It is known to use a plasma cutter to cut a material, such as, for example only, steel, sheet metal, aluminum, and the like. In general, plasma cutting is performed by projecting an inert gas or compressed air from a source through a plasma torch nozzle towards the surface of the material to be cut, and simultaneously driving an electrical current through the gas or air by applying a voltage between the cutter and the material to form a plasma within the projected gas or air. The generated plasma is hot enough that it can be used to cut a variety of different materials. Other sheet metal cutting methods include laser cutting, waterjet cutting and oxy-fuel cutting.
In general plasma cutting systems typically include a power supply, ground, and a torch and can be used manually to cut the material. However, Computer Numerical Controlled (CNC) plasma cutting systems employ additional hardware and software to facilitate automated and often more precise material cutting. An exemplary system uses control hardware and software along with rails, carriages, gantries and stepper or servo motors to control the motion along the movement axis for precision cutting. Exemplary embodiments of a plasma cutter and material are shown in FIGS. 1 and 2.
When a plasma cutter first turns on and begins cutting a material, it takes time for the plasma jet to pierce through the material (i.e., to achieve an adequate Z-plane depth of the cut). During this time, the plasma needs to stay stationary with respect to the material before it can be moved to continue the cutting of the material (i.e., in the XY plane). The time for this initial piercing can vary according to the properties and thickness of the material to be cut, along with the characteristics of the plasma cutting device, such as, the power of the plasma system, nozzle geometry, and other factors.
One known method for determining the amount of time for this initial piercing to occur is to estimate the amount of time based on past experimental data, which can be then used to create a look-up table based on the characteristics of the material and of the plasma cutting system. However, such look-up tables can be imprecise resulting in insufficient cutting. If the time given in the table is too long, there will be a larger-than-desired dilated hole at the beginning of the cut. If the time in the table is too short, the plasma may not cut all the way through the material at the beginning of a cut. Also, the look-up table may not take into account variable thicknesses in the material being cut.
Another disadvantage of current sheet metal cutting systems and methods is that once a drawing or design is created on a Computer Aided Design (CAD) system, there may be defects in the design that are difficult to locate or find. For example, based on the resolution of a monitor and the complexity of the design, it may be difficult to find gaps or overlaps where two lines seem to connect, but in actuality, do not. These gaps an overlaps become a problem when trying to make a proper toolpath because a CAM program requires a clean, closed shape when making a toolpath. It would be advantageous for a system to include functionality that can automatically (or semi-automatically) detect and fix these gaps and/or overlaps in a drawing that are very difficult and tedious to find visually.
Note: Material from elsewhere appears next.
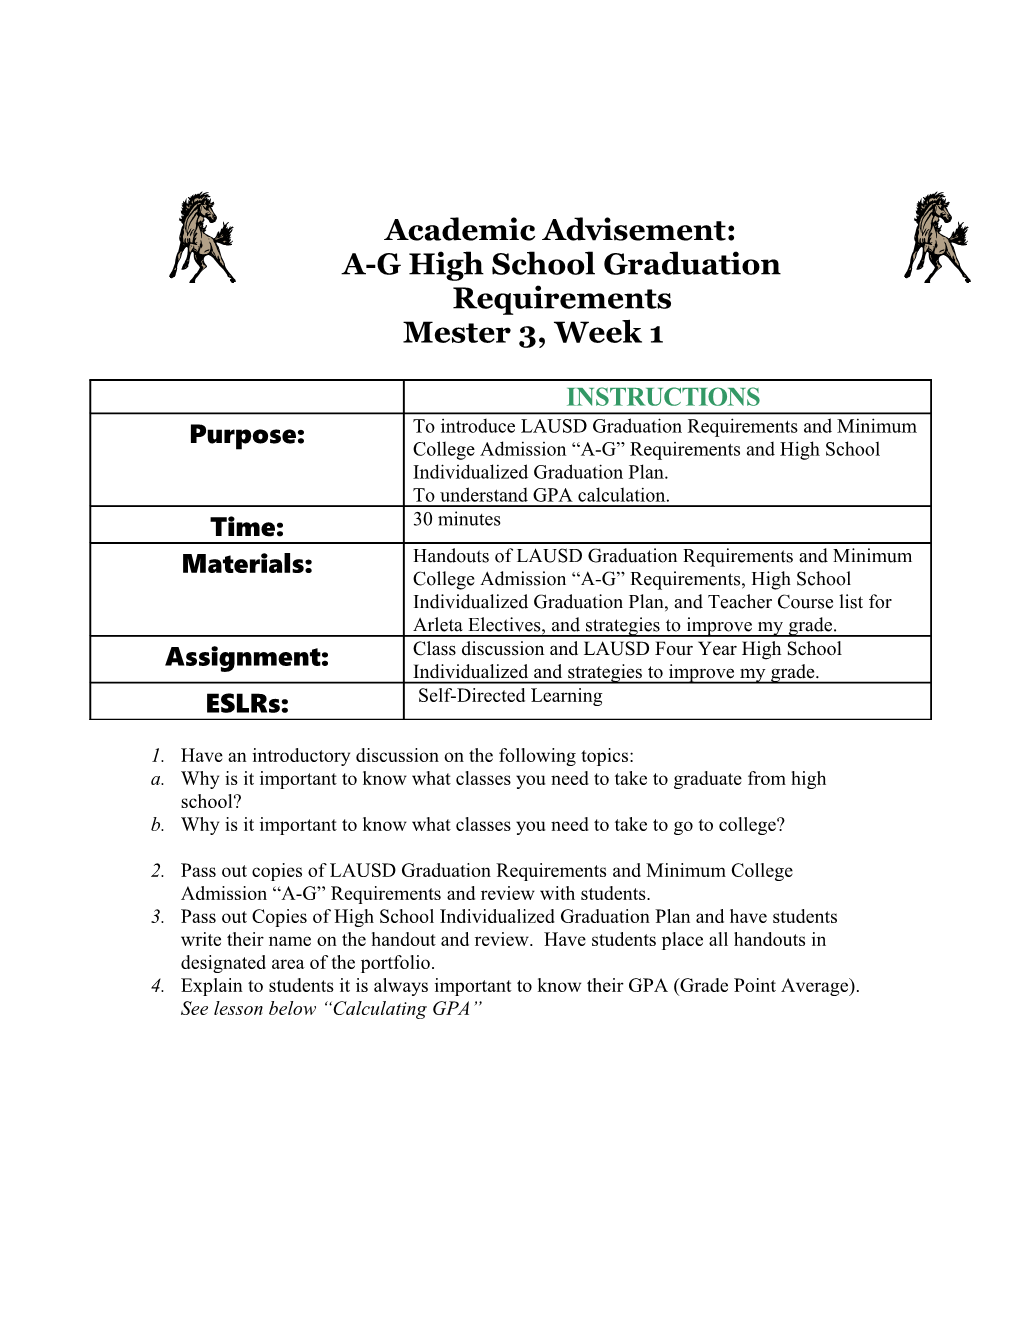 A-G High School Graduation Requirements

Yet another disadvantage of current plasma cutting systems and methods occurs at the junction of two lines, for example at a corner of a square. In a typical plasma cutting application, the quality of the cut is dependent on a constant feed-rate of the plasma torch as it cuts. Because the torch needs to slow down at these corners, there is a degradation of the quality of the cut along dross buildup at each corner. It would be advantageous for a system to include functionality that can automatically (or semi-automatically) determine where these corners will occur and using the system information, including feed-rate and machine acceleration limits, determine the optimal path to minimize inferior plasma cuts. The same methodology can be used to improve the quality of corners in other cutting methods such as laser, waterj et and oxy-fuel cutting.
Another disadvantage of current sheet metal cutting systems, multi axis CNC technologies, robotic technologies and methods is the dangerous use of wireless phone applications to control a plasma cutter, milling machine or other cutting machine. If the user inadvertently leaves the room where the machining equipment resides, the equipment may continue to operate creating a dangerous situation. It would be advantageous for a system to include functionality that can automatically shut down equipment or pass control to another user when the user (using a mobile application) leaves the vicinity or the room.
Accordingly, there is a need for an improved system, device, and method for providing improved functionality for CAD/CAM/CNC systems.